- [What you need to do] In the material below, the required lines run from the one containing "Pro Evolution Soccer" through the one containing "The Demons Gate’s". Copy those lines exactly, ends included, and nothing else.

(Data listing Opens)

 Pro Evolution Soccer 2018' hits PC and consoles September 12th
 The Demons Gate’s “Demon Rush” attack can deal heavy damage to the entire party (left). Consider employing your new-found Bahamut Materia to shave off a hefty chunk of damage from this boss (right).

(Data listing Closes)
(Data listing Opens)

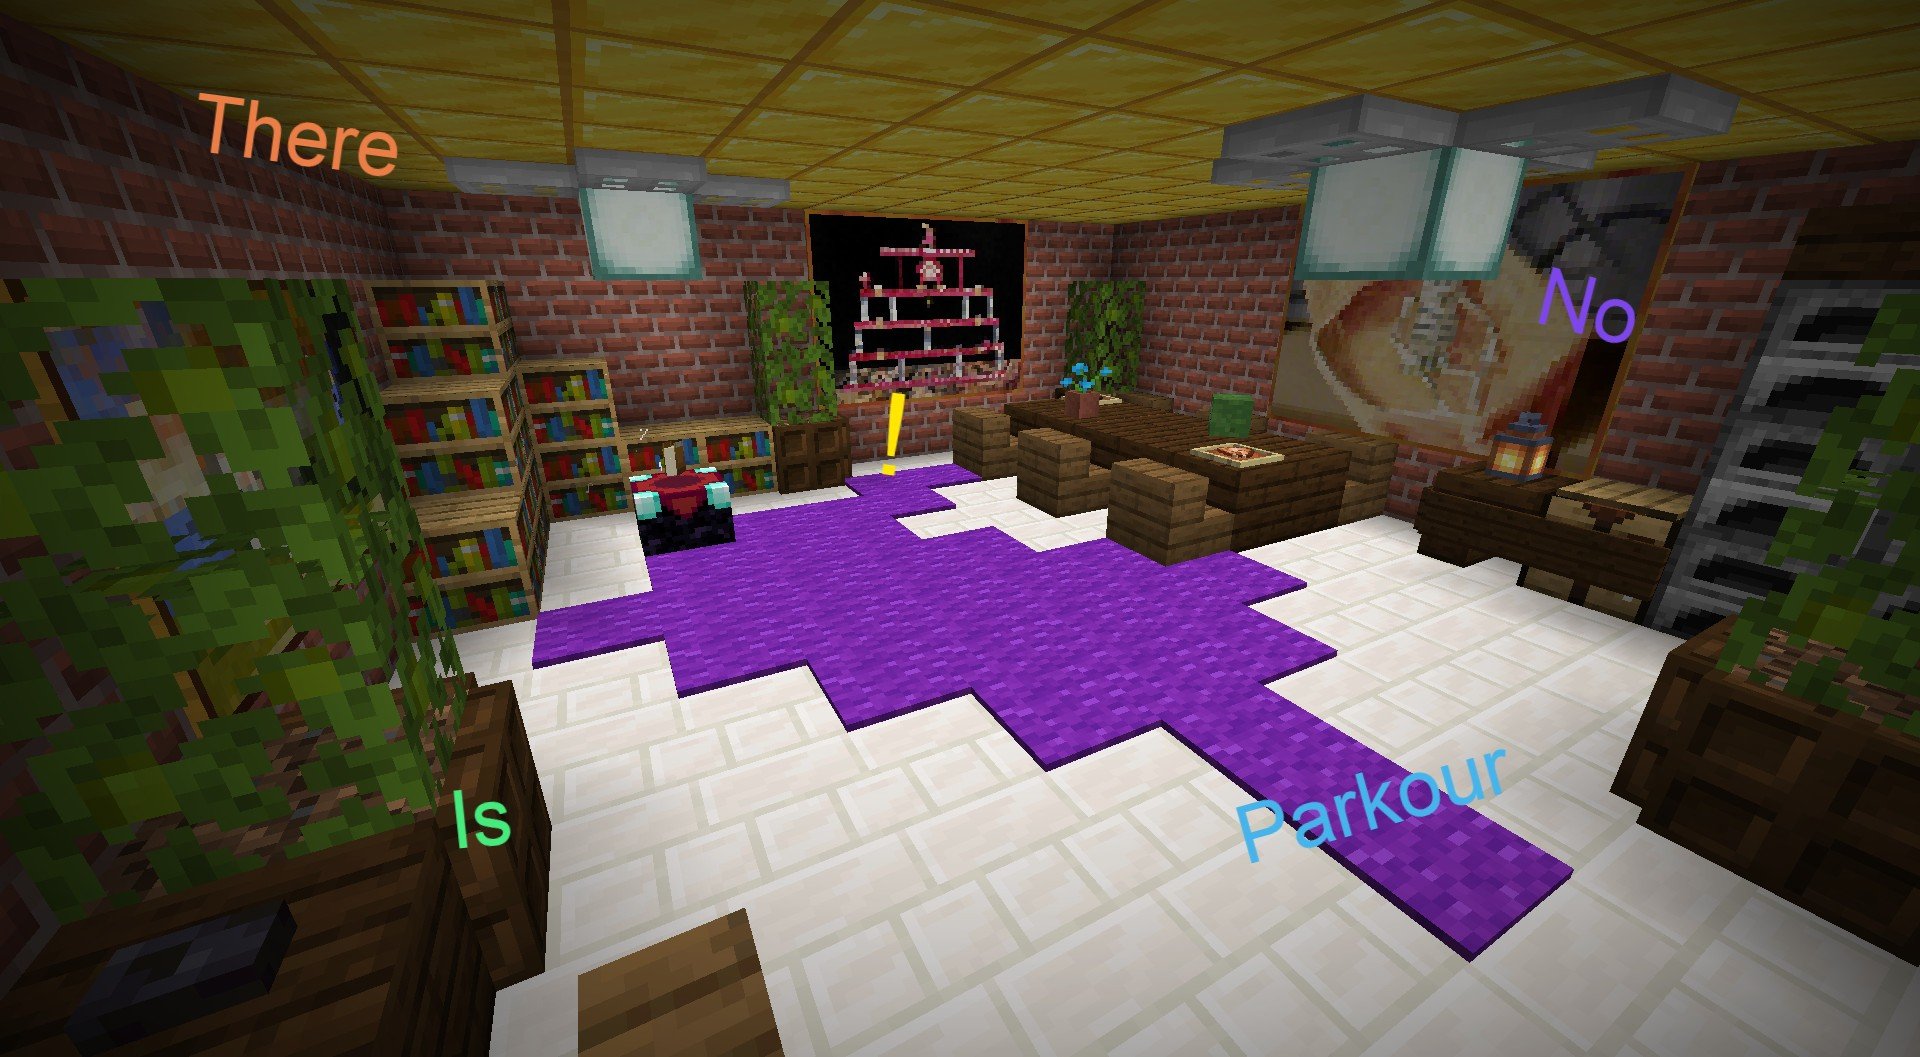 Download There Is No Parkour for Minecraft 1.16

(Data listing Closes)
(Data listing Opens)

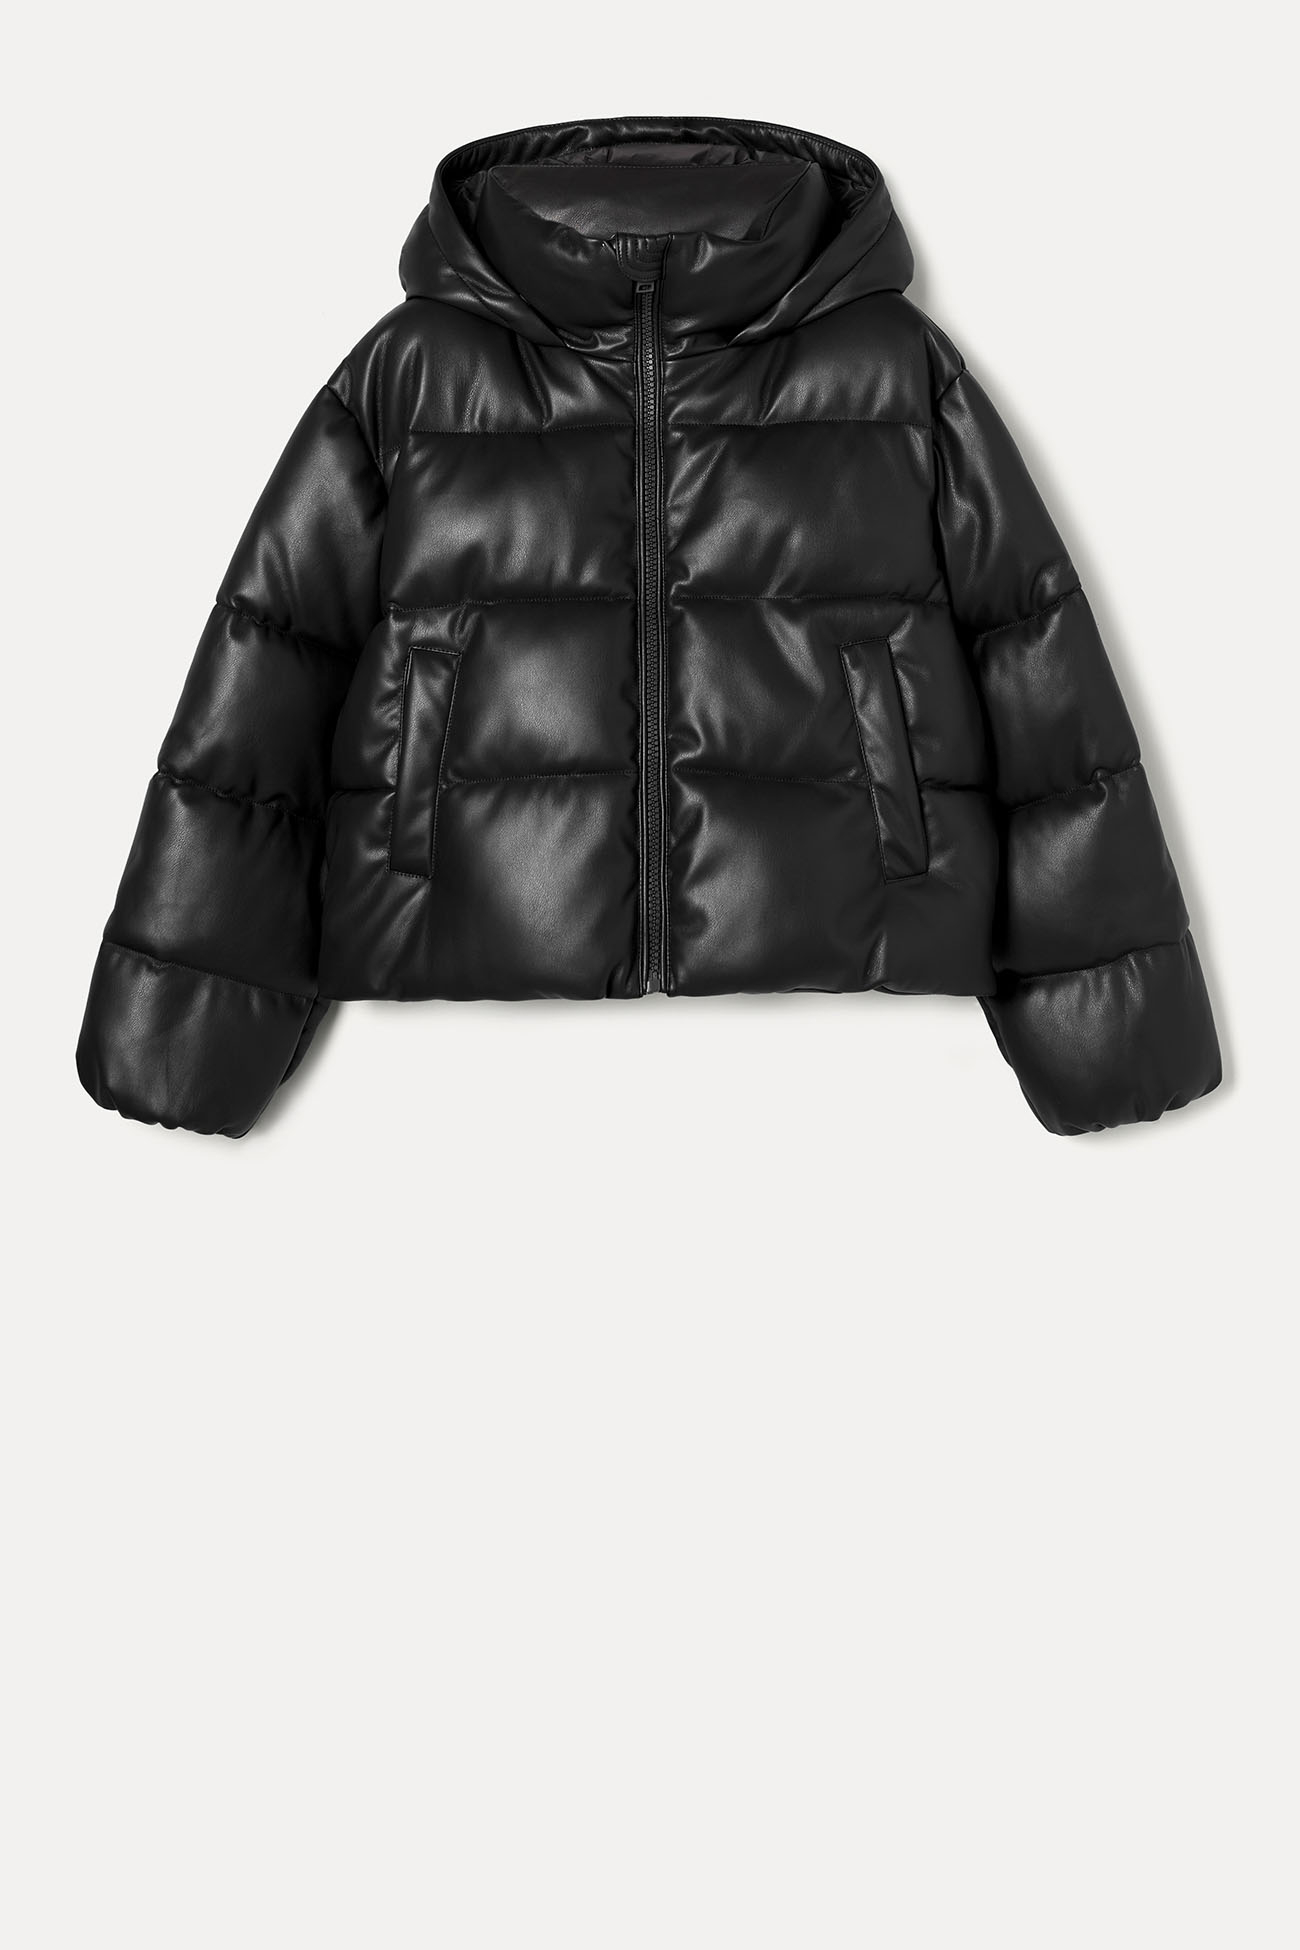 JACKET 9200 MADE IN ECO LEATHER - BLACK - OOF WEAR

(Data listing Closes)

- [Answer space]
 Pro Evolution Soccer 2018' hits PC and consoles September 12th
 The Demons Gate’s “Demon Rush” attack can deal heavy damage to the entire party (left). Consider employing your new-found Bahamut Materia to shave off a hefty chunk of damage from this boss (right).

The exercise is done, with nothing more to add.